* _EXERCISE DETAILS_:
Quote every line of the data below as it stands, omitting pictures.

* _INFORMATION SHOWN_:
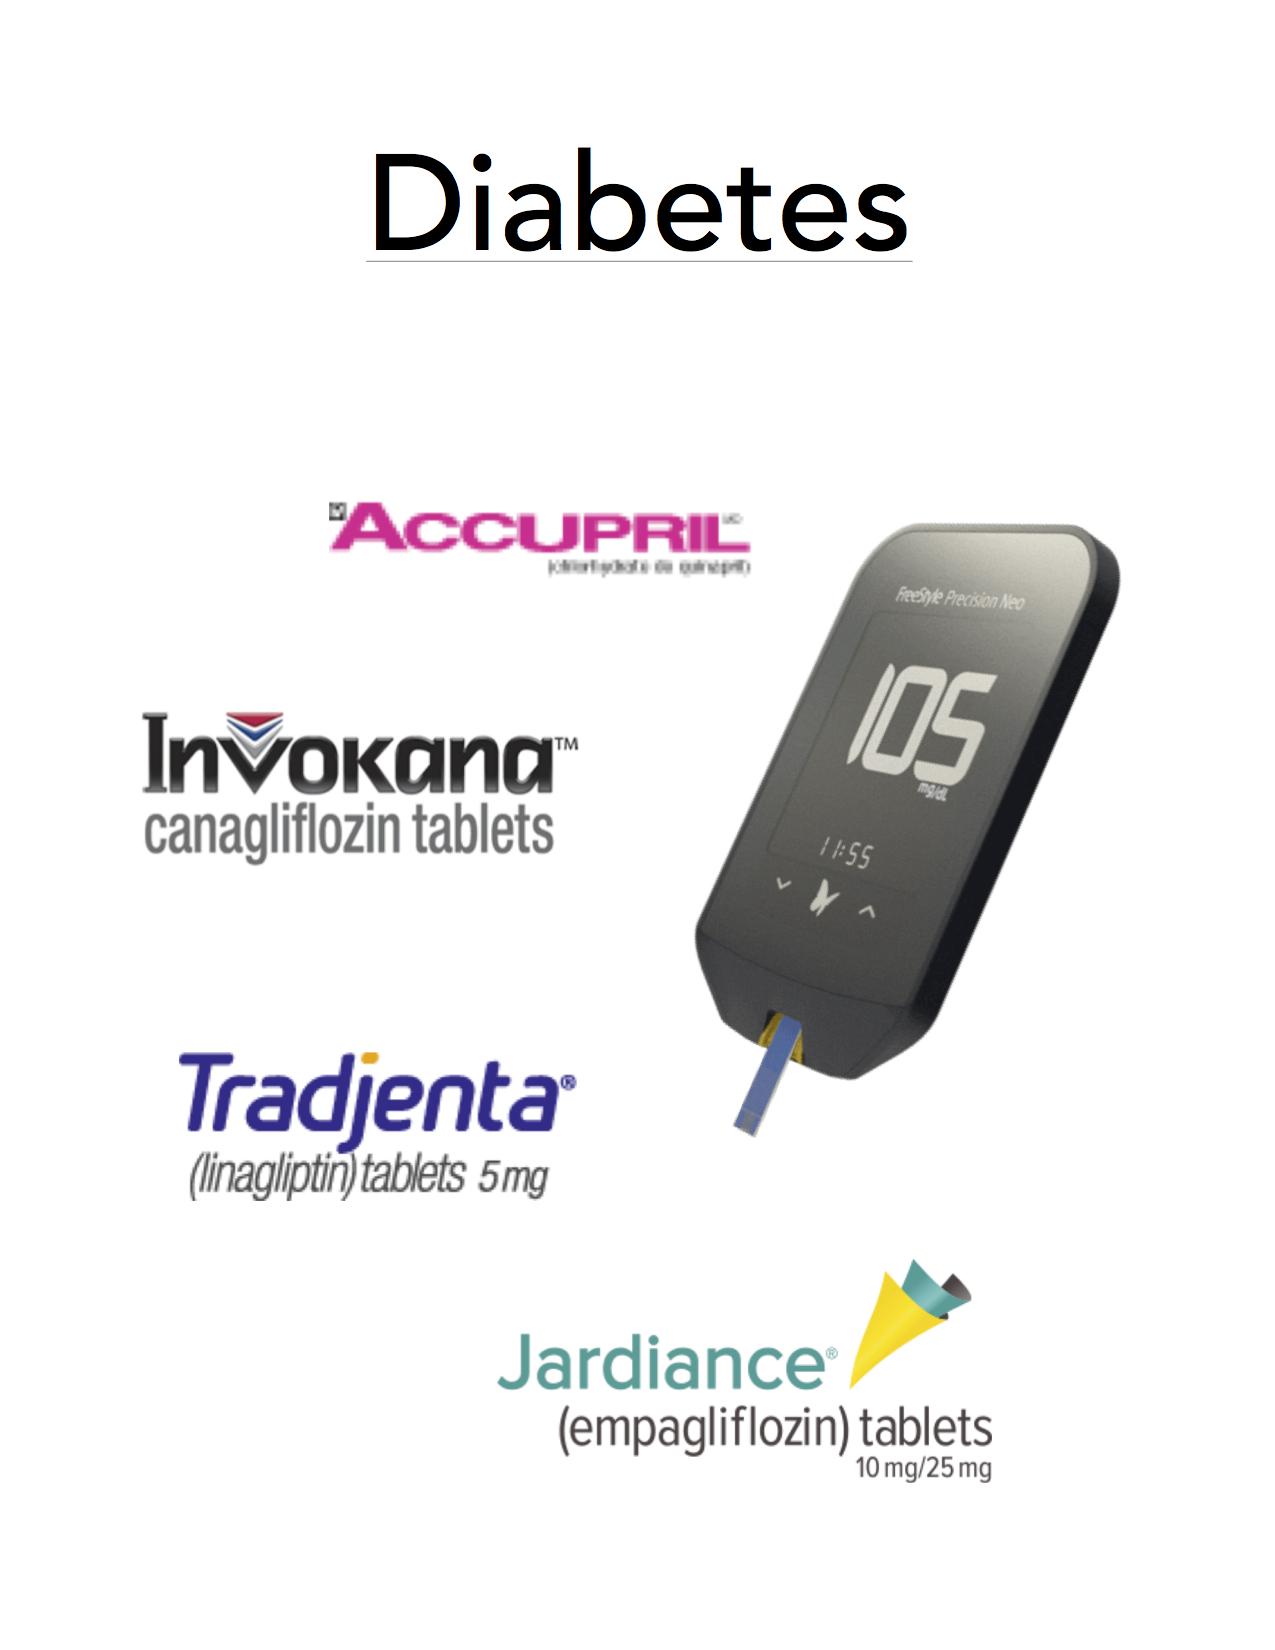 Diabetes - cream background PDF jPEG.jpg
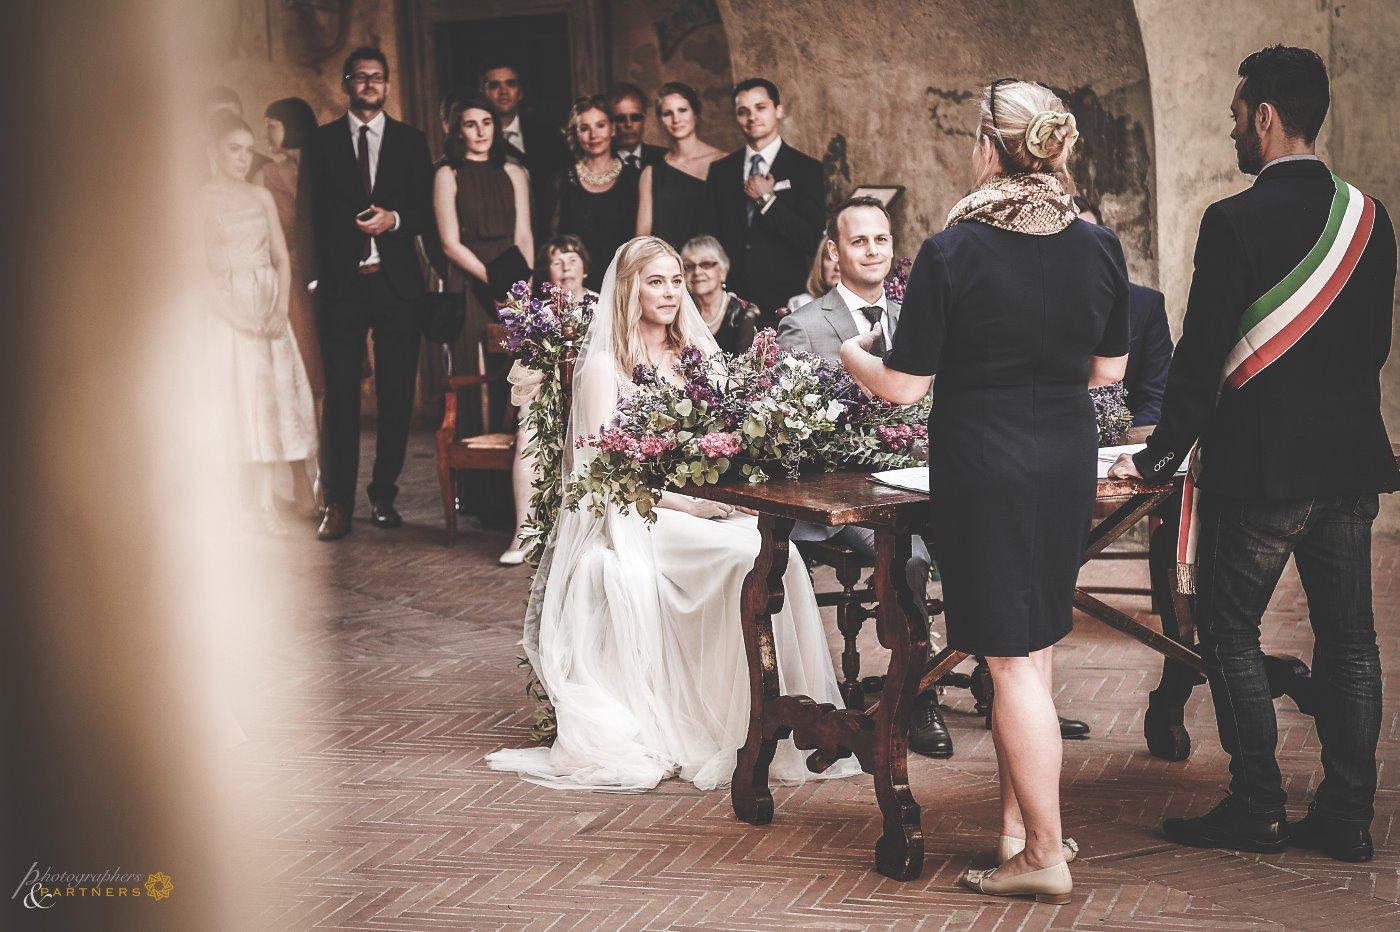 photographers_weddings_certaldo_06.jpg
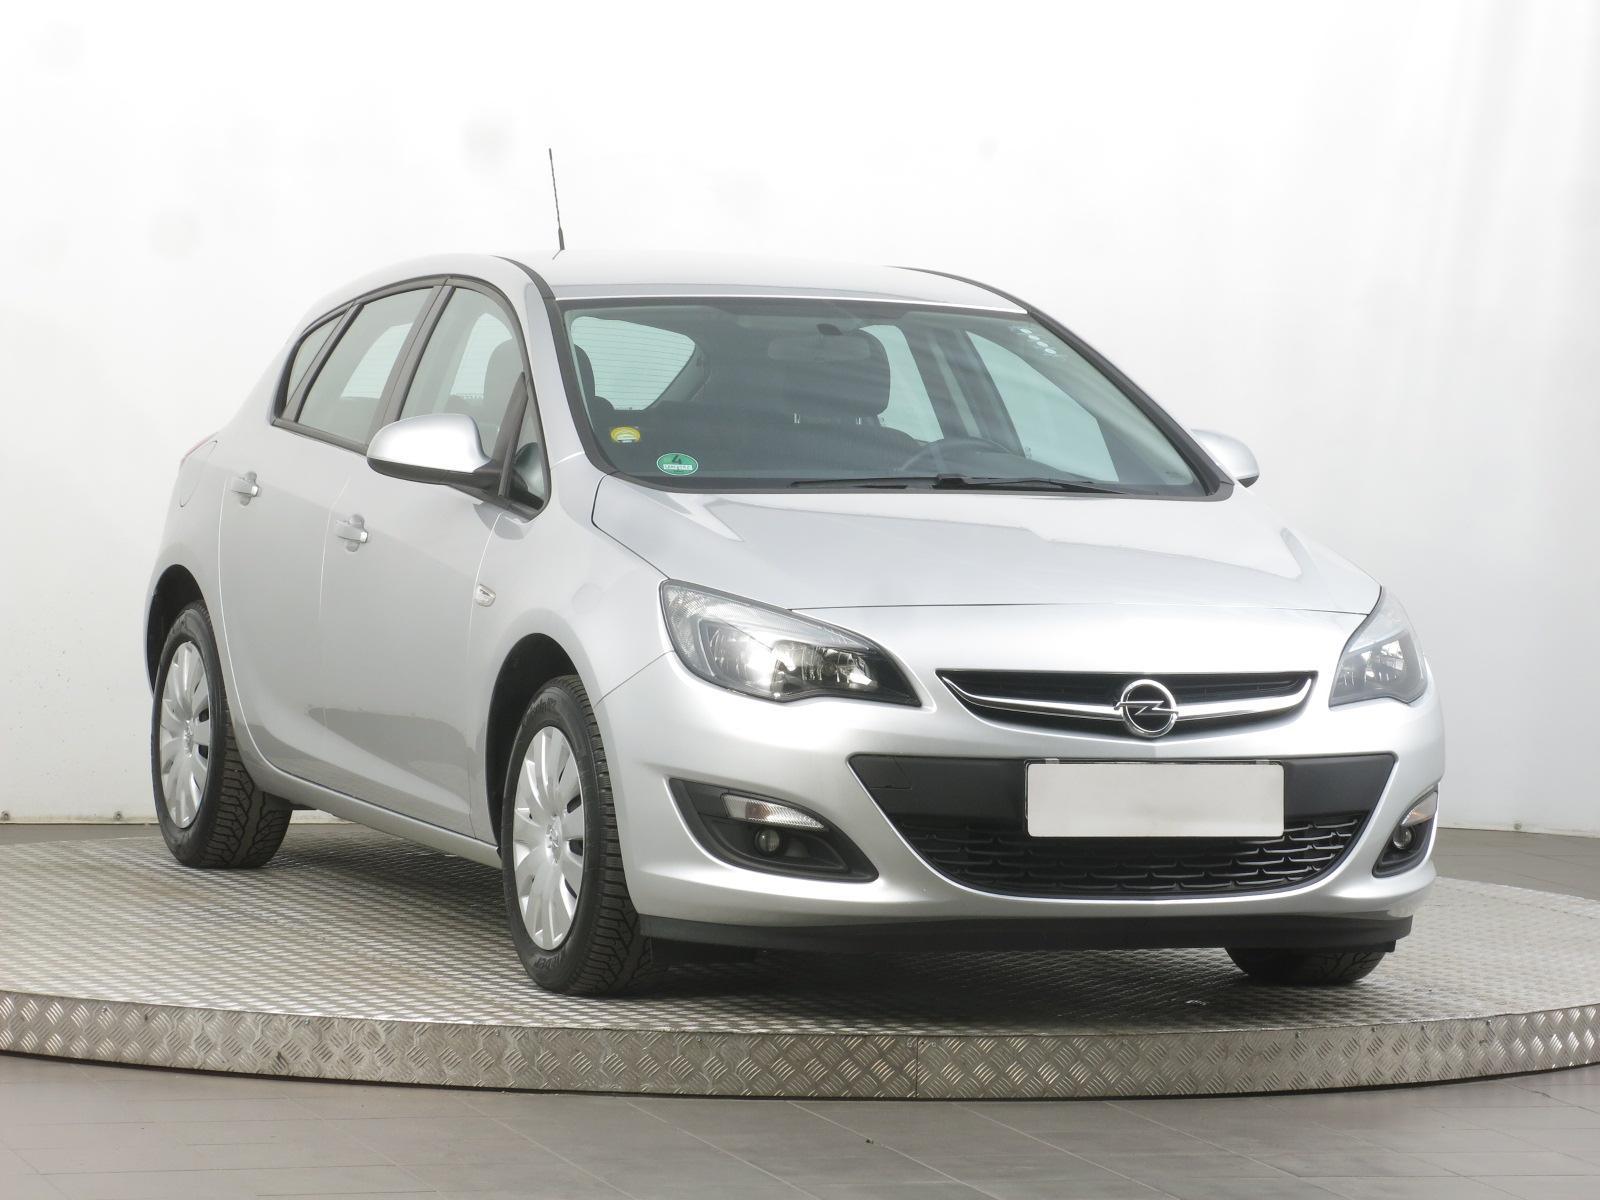 Opel Astra 1.6 CDTI 100kW hatchback nafta

* _OUTPUT_:
 Diabetes - cream background PDF jPEG.jpg
 photographers_weddings_certaldo_06.jpg
 Opel Astra 1.6 CDTI 100kW hatchback nafta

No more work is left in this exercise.